Closed smathot closed 8 years ago
Besides that this is worrying because it implies that some people miss some necessary modules that should be packaged with OpenSesame, this should be fixed indeed.
I stumbled upon an interesting module called six
which is a compatibility layer between python 2 and 3. I don't know if you've heard of it, but it implements many functions you created for your compat
module for OpenSesame. Anyway, six has a function u()
which is comparable to your safestr() function. However, a sidenote states:
Note On Python 2, u() doesn’t know what the encoding of the literal is. Each byte is converted directly to the unicode codepoint of the same value. Because of this, it’s only safe to use u() with strings of ASCII data.
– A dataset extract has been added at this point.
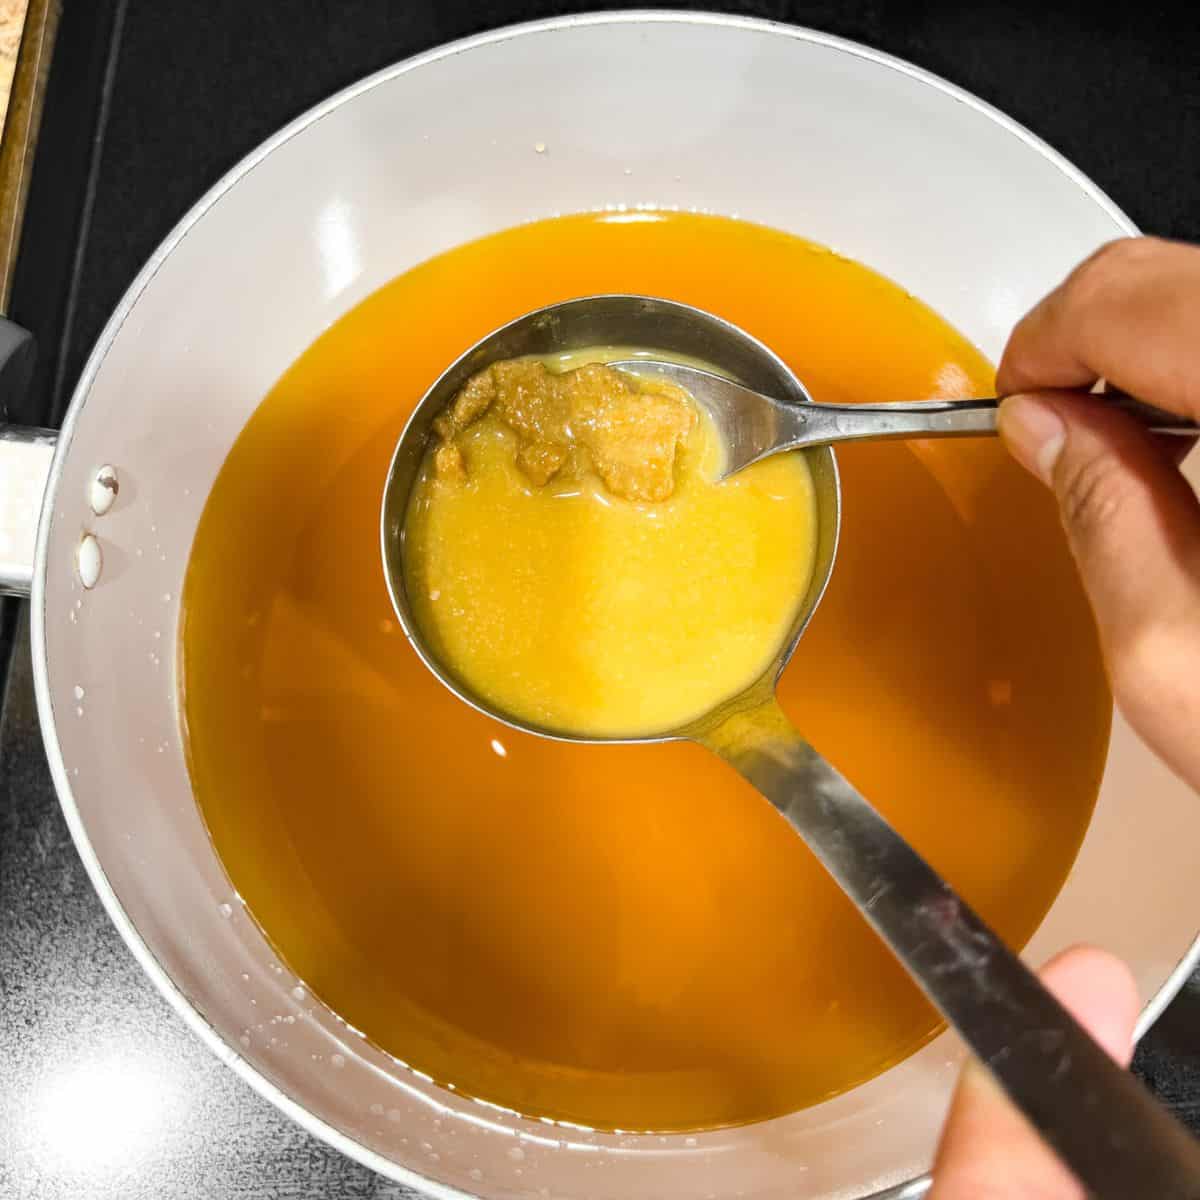 Dissolving soybean paste to make a soup.

So I think it is safe to use this function as Exception messages are always returned as ASCII data?
I did some tests, because I find it weird that I have never stumbled into this before, but I have no trouble formatting non-unicode strings into a unicode string. I cannot reproduce the above in any way. Shouldn't this piece of code below cause the same problem?
e = Exception(b"A byte string")
print(u"This should not work: ".format(e))
It works perfectly for me, both in Python 2 and 3. In Python3, it explicitly puts the 'b' prefix in the string:
"This should not work: b'A byte string'"
So I think it is safe to use this function as Exception messages are always returned as ASCII data?
No! Exception messages contain natural language, so for non-English locales they frequently contain non-ASCII text. This is also why your test case is no good (also, you're not actually formatting the exception into the string, but that's probably a typo), and why the error occurs in the first place.
# coding=utf-8
e = Exception(b"Ça ne doit pas marcher")
print(u"This should not work: {}".format(e))
This particular snippet is invalid for Python 3, because bytestrings aren't allowed to contain literal non-ASCII characters, but the problem is the same on Python 2 and 3.
Right, I see. I can prevent the crash now, but there is no way I can convert the decoded characters back to their original identities. Even with your safe_str methods, the best result I get is
u'\xc3\x87a ne doit pas marcher'
Exceptions must be one of a kind. Even after Googling this issue, the only solutions I found was to implement a custom exception class that accounts for this behavior or "simply quit using python 2 and switch to 3"
I received the following automated bug report via OpenSesame. Essentially, the problem is that you're inserting non-Unicode text (coming from the Exception) into a Unicode template string when handling an Exception. The result is that users actually see an error message that results from parsing the error message--confusing.